I'd love to be able to recognise the creator of this graph, but its popped up so many places I'm not sure who's work is actually is. Still, we can all see from the graph quite clearly that the more chocolate each person in a country consumes, the more Nobel Prizes that country has received over the years.
More importantly, how well these two items are related can be measured relatively easily, using something called correlation. The wonderful person who created this graph has in fact also measured the correlation between chocal consumption and Nobel Prizes being awarded, and you can see it in the top left corner of the graph, where it says r=0.791.
Now, there are a large number of ways in which correlation can be calculated, depending on what sort of data you have, but what they all measure fundamentally is how close your data is to a straight line. If all your points are on a straight line, your correlation or r will be equal to 1. If all points are spread out randomly, it will be zero (if the line is pointing downwards, the r value will actually be negative, but r=-1 is as good as r=+1). A value of r=0.791 is pretty reasonable - the two variables are said to be higly correlated.

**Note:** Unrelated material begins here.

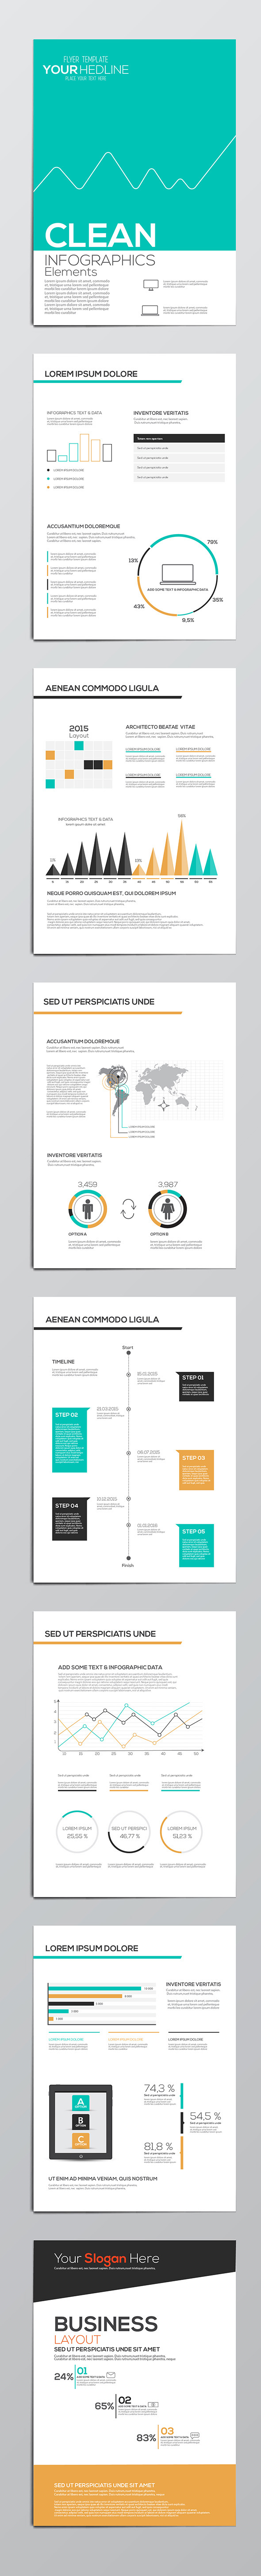 infographic business template brochure timeline report icons Promotion design tools modern info graphic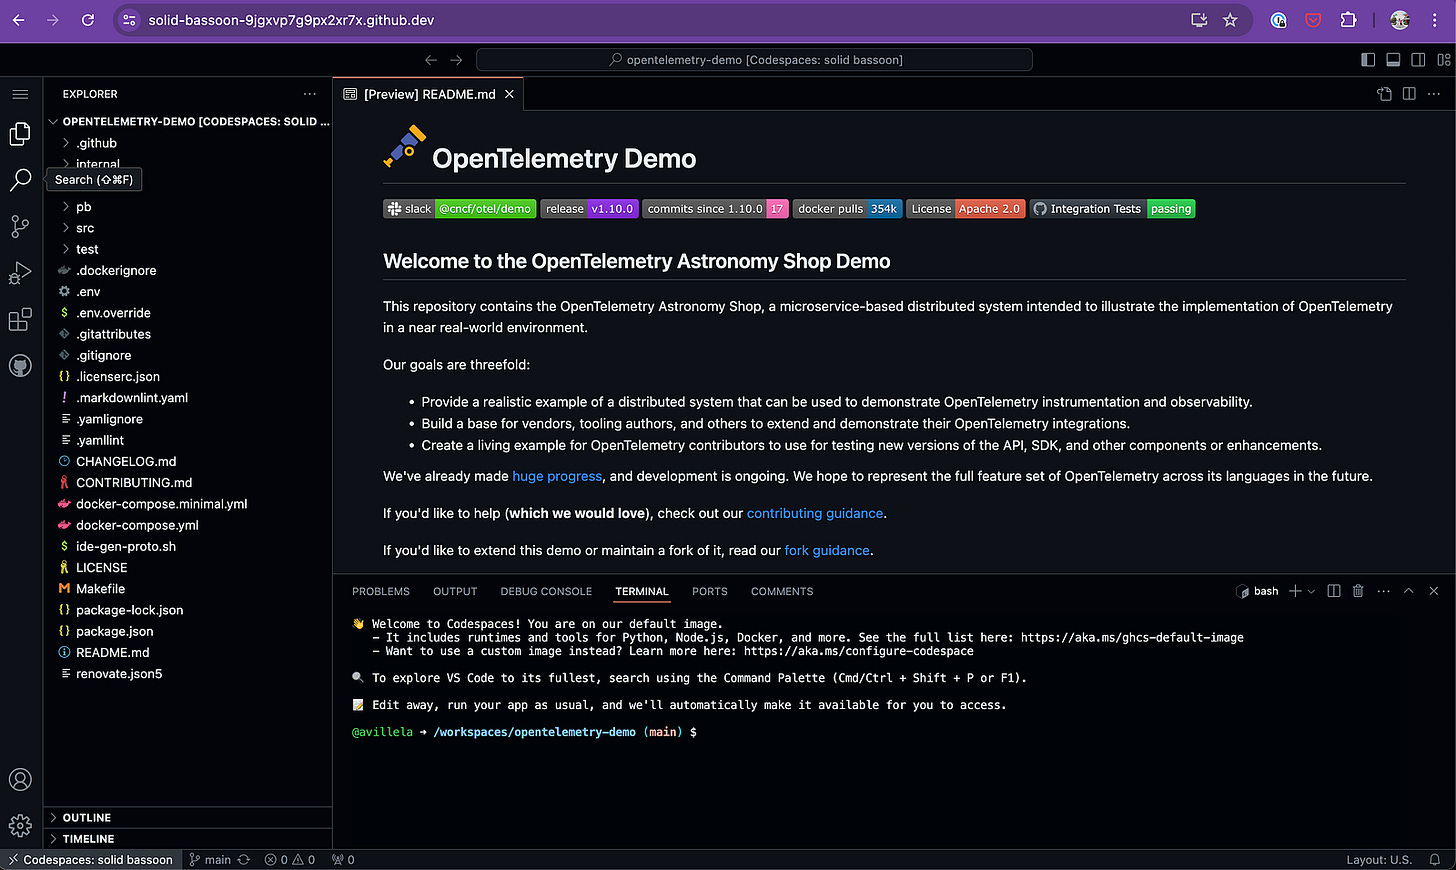 Screen capture depicting a browser-based VSCode development environment for the open-telemetry/opentelemetry-demo repository in GitHub

Now, in no way does this imply causality. A country could not improve its chances of receiving a Nobel Prize by handing out copious amounts of free chocolate to its school kids or population at large, and expect to start receiving Nobel Prizes left, right and centre. The set of data above could, in fact, be random. Or, there could be some other, underlying, relationship. Perhaps people who receive Nobel Prizes tend to come from welathy countries, countries where people can afford to eat chocolate at will. Sometimes looking at the outliers can tell you something as useful as looking at the data points in the trend itself. In this case, what's going wrong in Germany??? All that chocolate eating, and yet its substandard when it comes to Nobel Prizes?? Sweden does alright though, plenty of Nobel Prizes, without all the investment in sweets.
All this thinking about correlation brought to mind a graph that floated around the twitterverse earlier this year, purporting to prove that forcing an economy like Greece to reform and consolidate quickly (ie austerity measures) will only result in a worse result at the end of the day. Here it is below, again unattributed (but happy to correct if the author lets me know)
Looks pretty convincing, doesn't it. Nice straight line, lots of points on the line, including, down at the bottom, Greece, trying to consolidate faster than the rest, and getting it more wrong than anyone else (x axis is attempted reduction in spending, y axis is how wrong they got their growth predictions).
Using a spreadsheet like Excel, it's pretty easy to get a basic value for correlation here (doesn't really matter what sort for the moment), using the '=CORREL('x values', 'y values') formula. To get the values off the graph, I simply read off the axes, to the nearest half value (not particularly precise, but good enough for our purposes.
Using my rough and ready measurements, I calculated a correlation of r=-0.68! Less than that for Nobel Prizes and chocolate consumption.
Remember I said sometimes it is instructive to look at the outliers in any data set? I redid the calculations, taking out Greece, and got a new value of r=-0.5. Borderline low correlation. Much lower than for Nobel Prizes & Chocolates.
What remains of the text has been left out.